PROVIDED MATERIAL ::
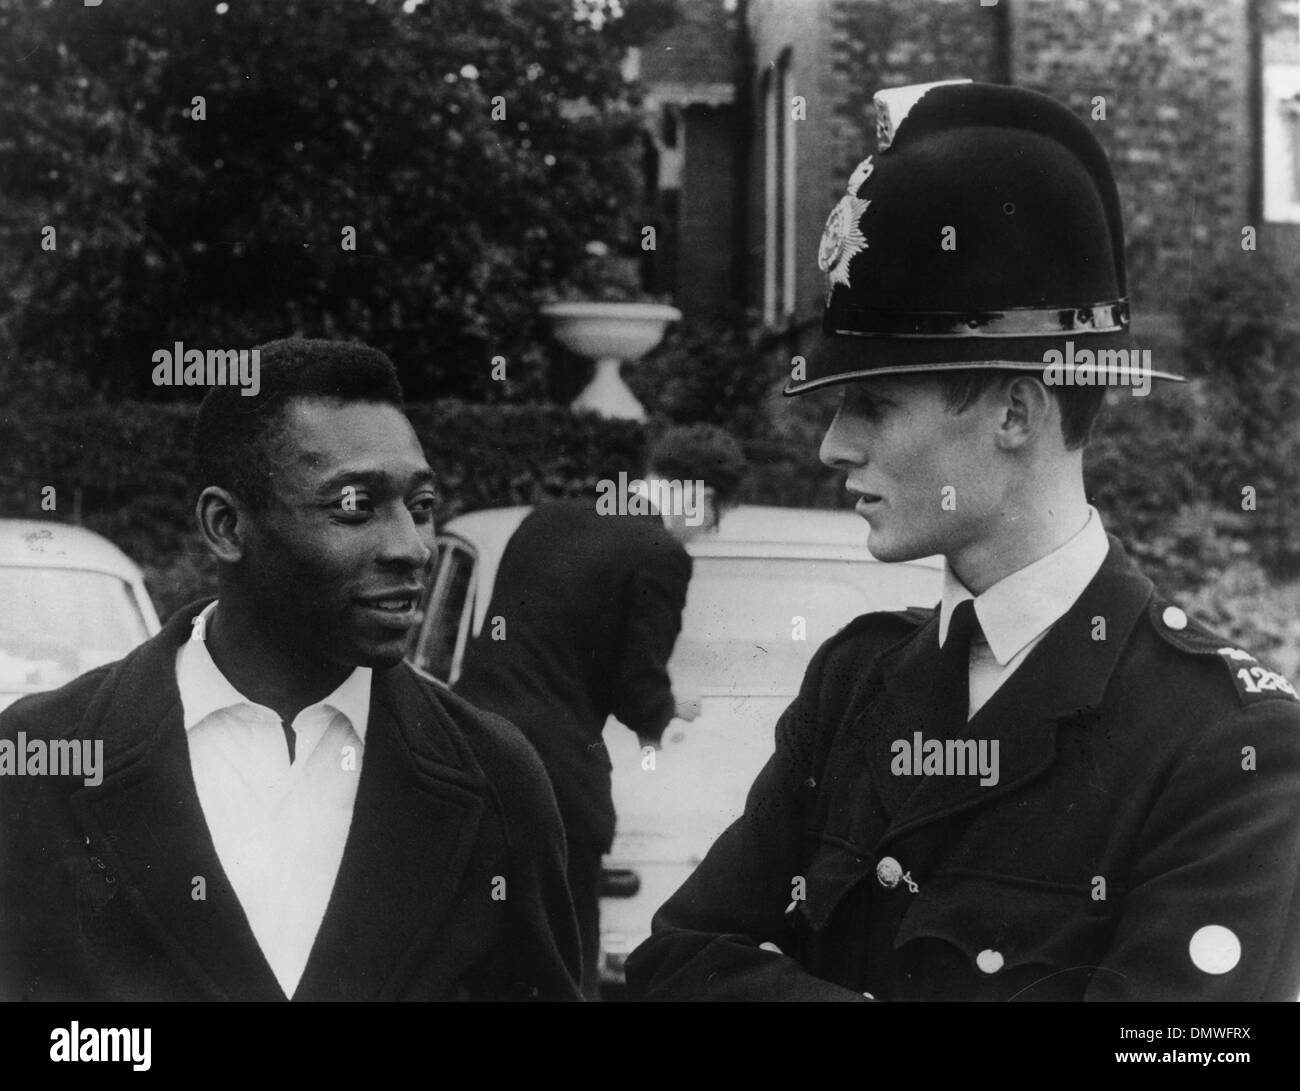 8 luglio 1966 - Londra, Inghilterra, Regno Unito - Brasiliano giocatore di calcio EDSON NASCIMENTO 'PELE' ha una conversazione con un poliziotto. (Credito Immagine: © Keystone Pictures USA/ZUMAPRESS.com) Foto Stock
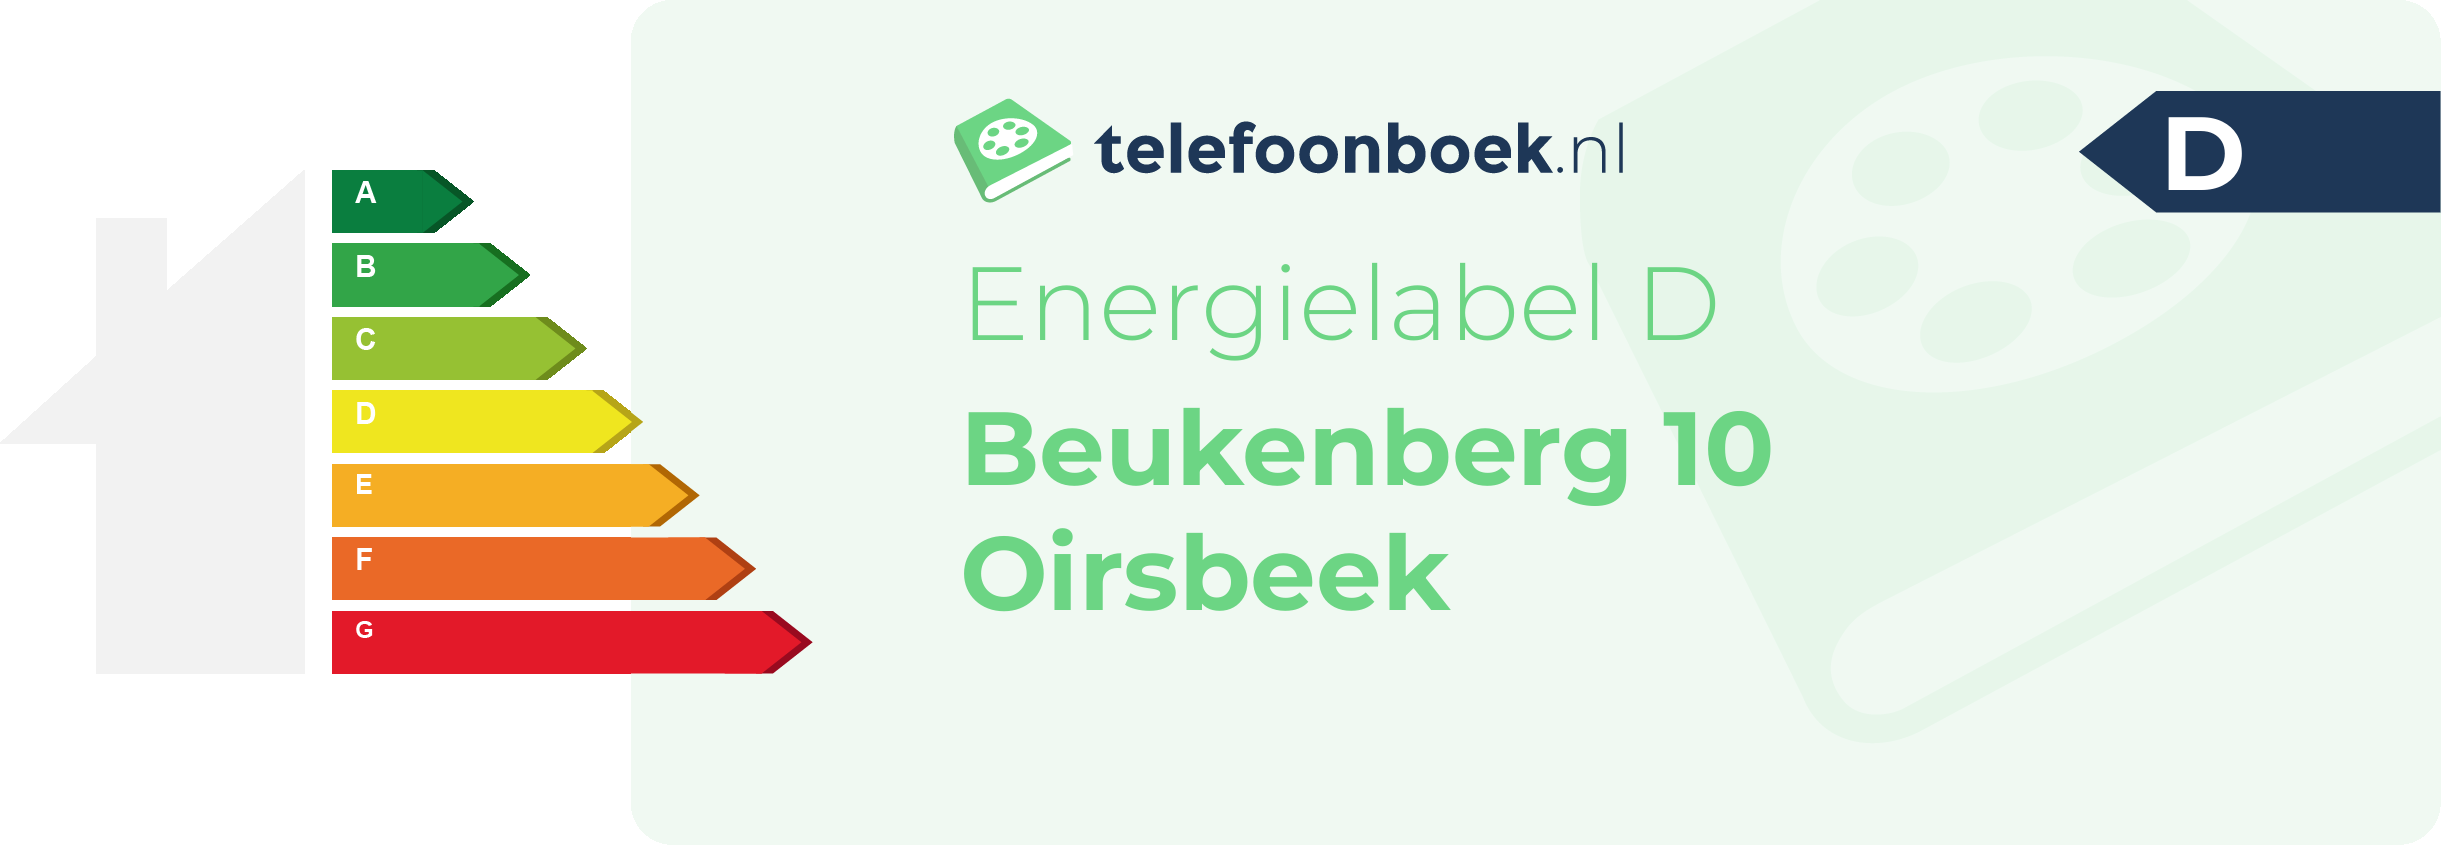 Energielabel Beukenberg 10 Oirsbeek
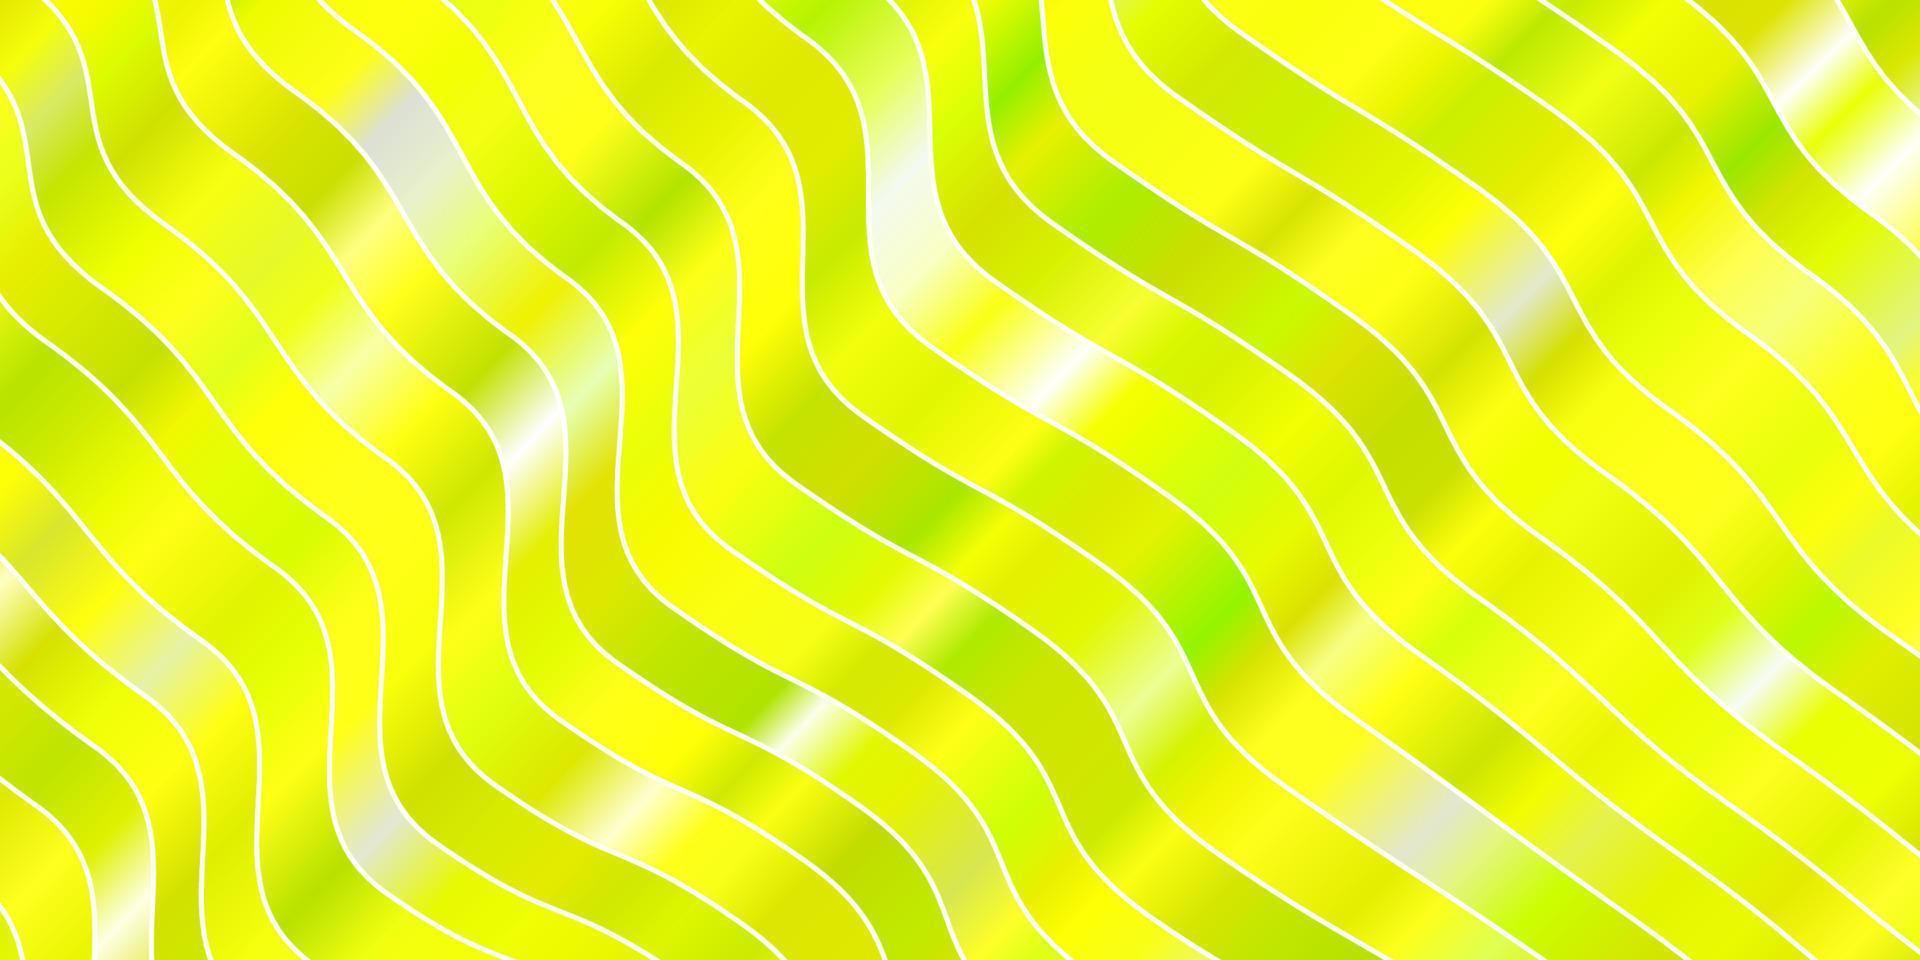 modello vettoriale verde chiaro, giallo con curve.

WHAT THE EXERCISE ASKS :: Write out the data once more exactly, omitting the pictures.

ANSWER ::
 8 luglio 1966 - Londra, Inghilterra, Regno Unito - Brasiliano giocatore di calcio EDSON NASCIMENTO 'PELE' ha una conversazione con un poliziotto. (Credito Immagine: © Keystone Pictures USA/ZUMAPRESS.com) Foto Stock
 Energielabel Beukenberg 10 Oirsbeek
 modello vettoriale verde chiaro, giallo con curve.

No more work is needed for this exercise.